George Brent (1904 – 1979) was an Irish-American stage, film, and television actor. Brent went to Hollywood in 1930 and appeared in supporting roles in several films. In 1931, he signed with Warner Bros. where he played opposite Barbara Stanwyck in So Big! (1932). That same year he co-starred with Stanwyck again in The Purchase Price. In 1933 he appeared in the musical classic 42nd Street, The Keyhole with Kay Francis and Stanwyck again in Baby Face. He made a string of pictures with Bette Davis: Jezebel (1938), Dark Victory (1939), The Old Maid (1939), The Great Lie (1941), and In This Our Life (1942). Brent continued acting in movies and television till 1978, a year before he died of emphysema.

Ethel Barrymore and McGuire

Ethel Barrymore (1879 – 1959) was an American actress whose career spanned more than six decades. She was the sister of actors John and Lionel Barrymore, the aunt of John Drew Barrymore, and the great-aunt of Drew Barrymore. Barrymore established herself as a major Broadway actress in the 1920s and appeared on the cover of Time magazine in 1924. Barrymore made 15 silent movies and appeared in the early talking picture Rasputin and the Empress (1932) with her brothers John and Lionel.
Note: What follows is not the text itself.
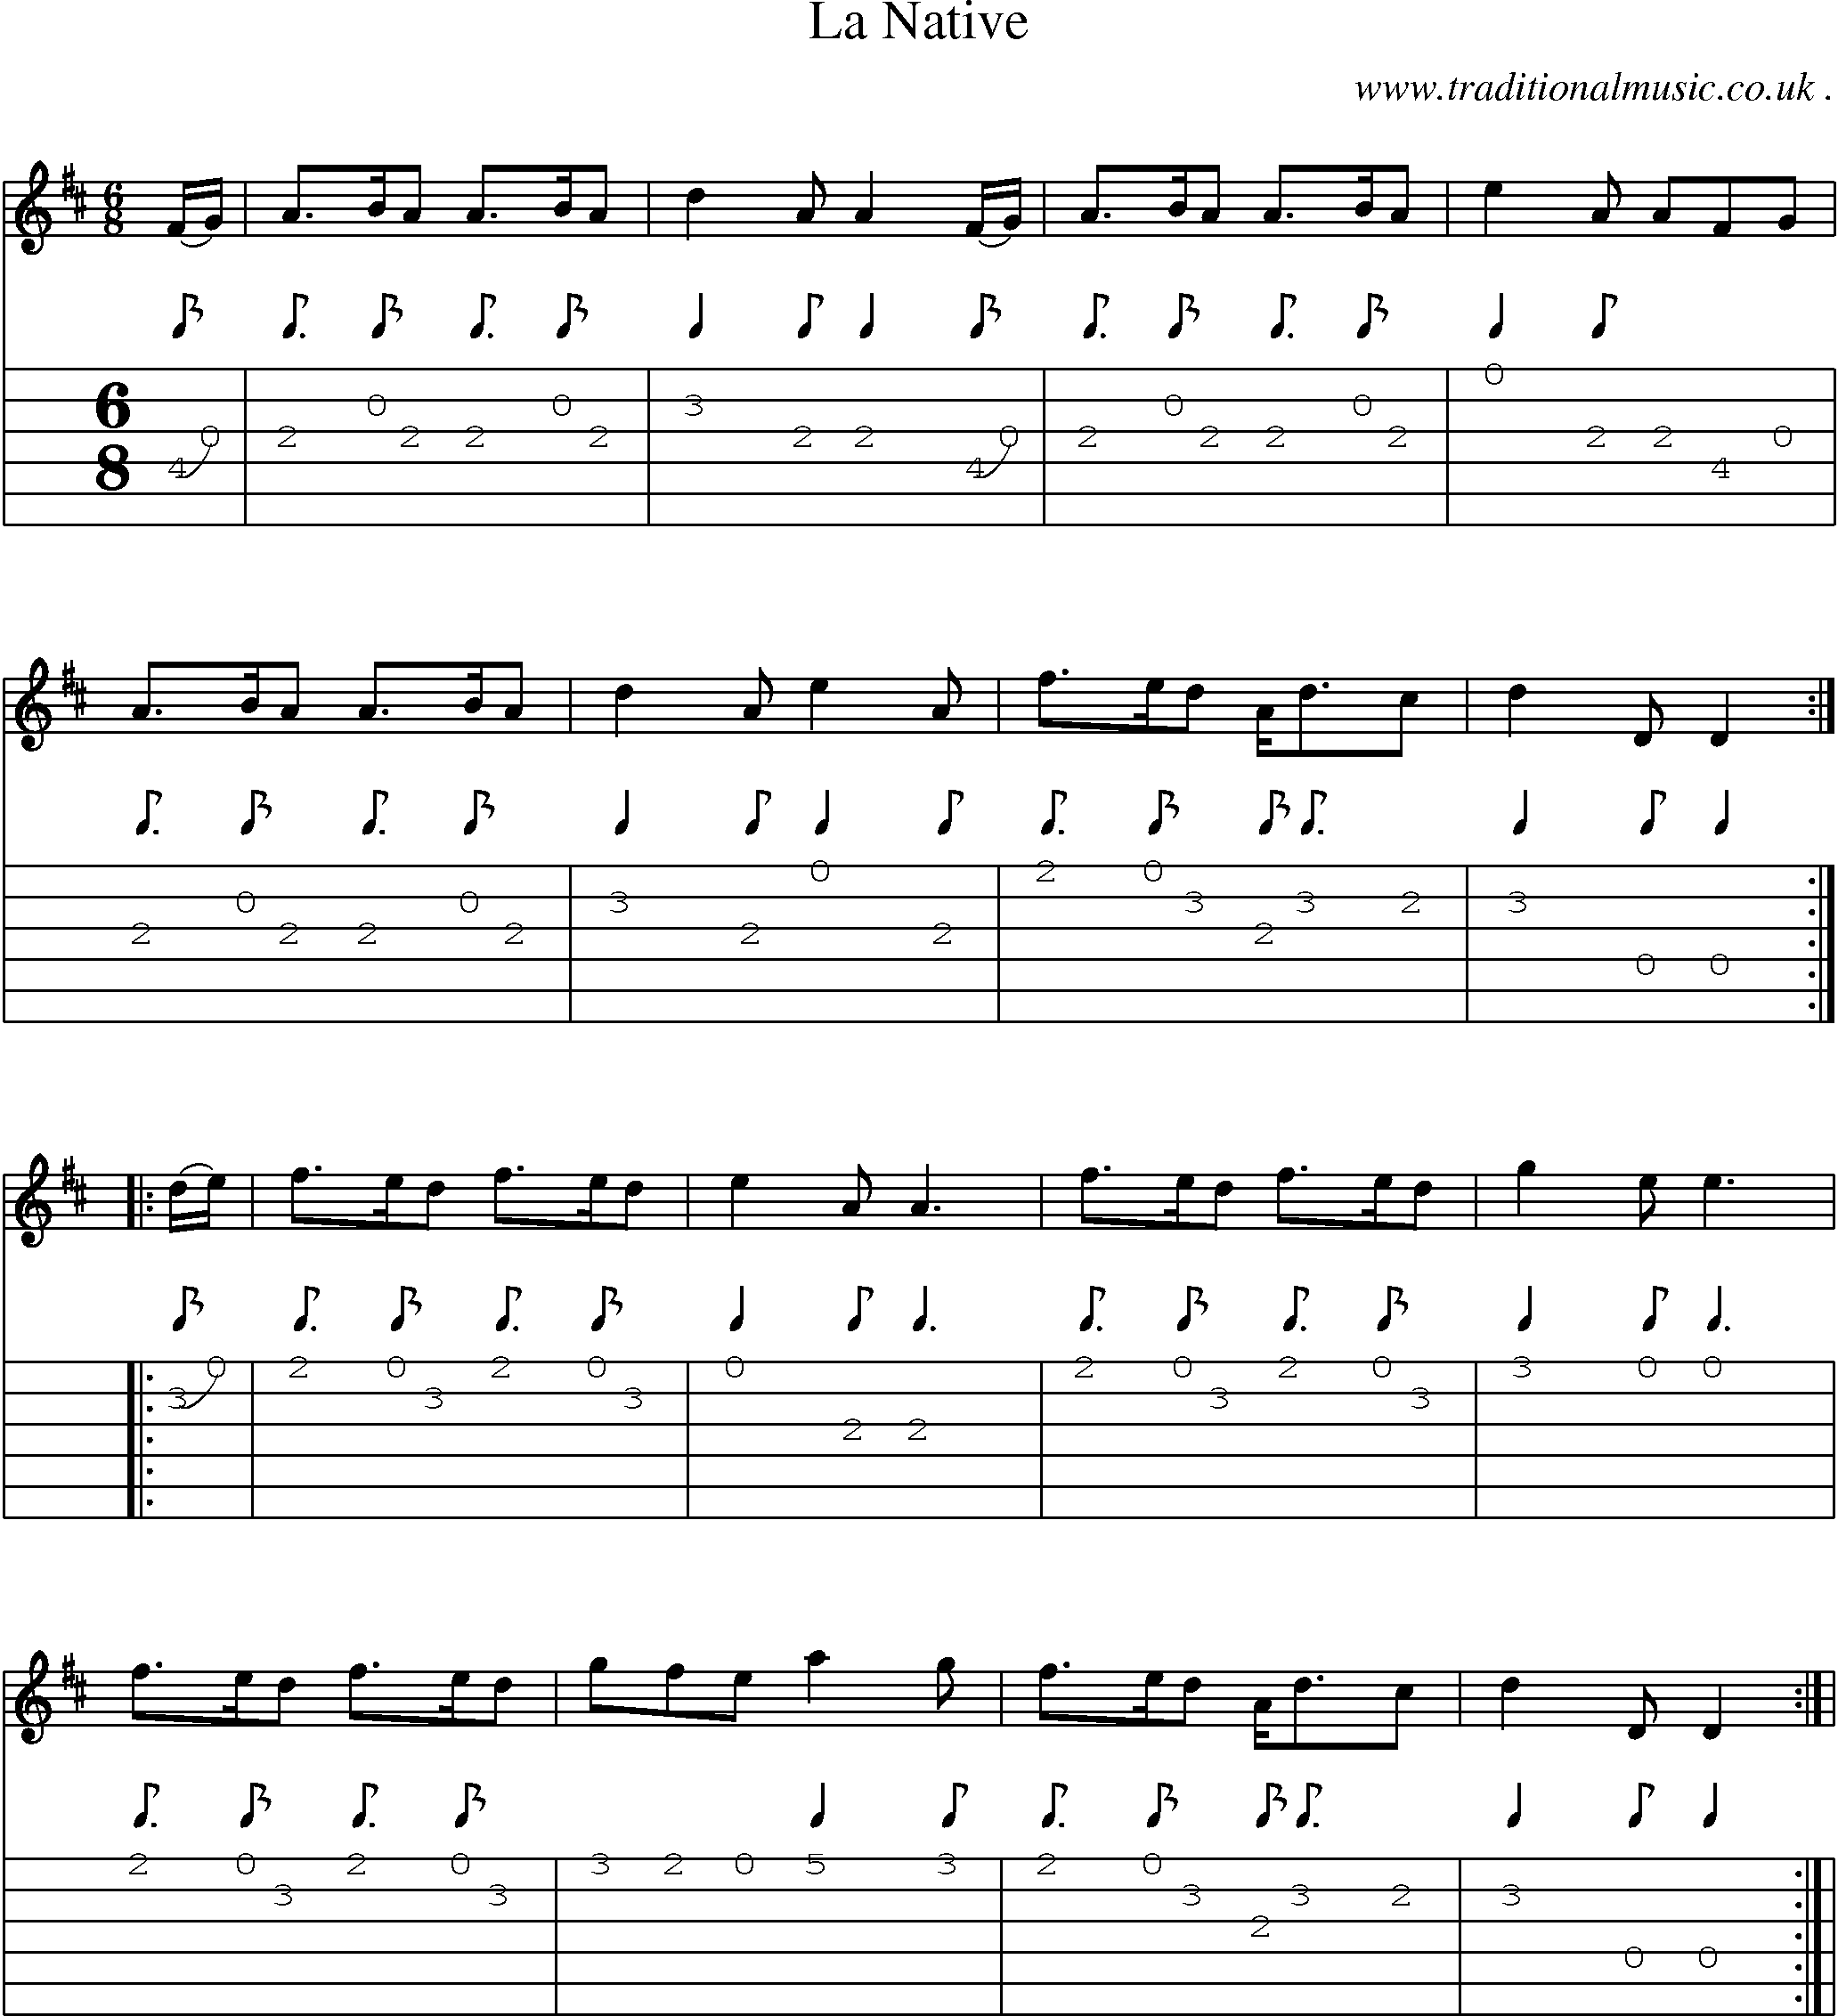 Sheet-Music and Guitar Tabs for La Native

She won an Academy Award for Best Supporting Actress for her role in None but the Lonely Heart (1944) co-starring Cary Grant. She was nominated for three more Best Supporting Actress Oscars for The Spiral Staircase (1946), The Paradine Case (1947), and Pinky (1949).

A cautious McGuire navigates The Spiral Staircase

The Spiral Staircase trivia:

  • Ingrid Bergman was originally considered for the role of Helen.
  • The Killer’s eyes are those of director Robert Siodmak.
  • The silent film being watched by Dorothy McGuire’s character is D.W. Griffith’s The Sands of Time (1922).
  • Included among the American Film Institute’s 2001 list of 400 movies nominated for the top 100 Most Heart-Pounding American Movies.

To watch the film on YouTube, click the link below.

To join us on Zoom for a discussion of the film on November 24, 2020, at 6:30 p.m. Central Time, click on the link to the Chicago Film Club.

Discussion questions:

  1. What genre category do you think this film fits? 
  2. Some have called it a horror film. Is that a fair assessment?
  3. What did you make of the dynamic between the two brothers?
  4. Did you wonder if Mrs. Warren knew who the murderer was?
  5. Was the romance between Helen and Dr. Parry believable?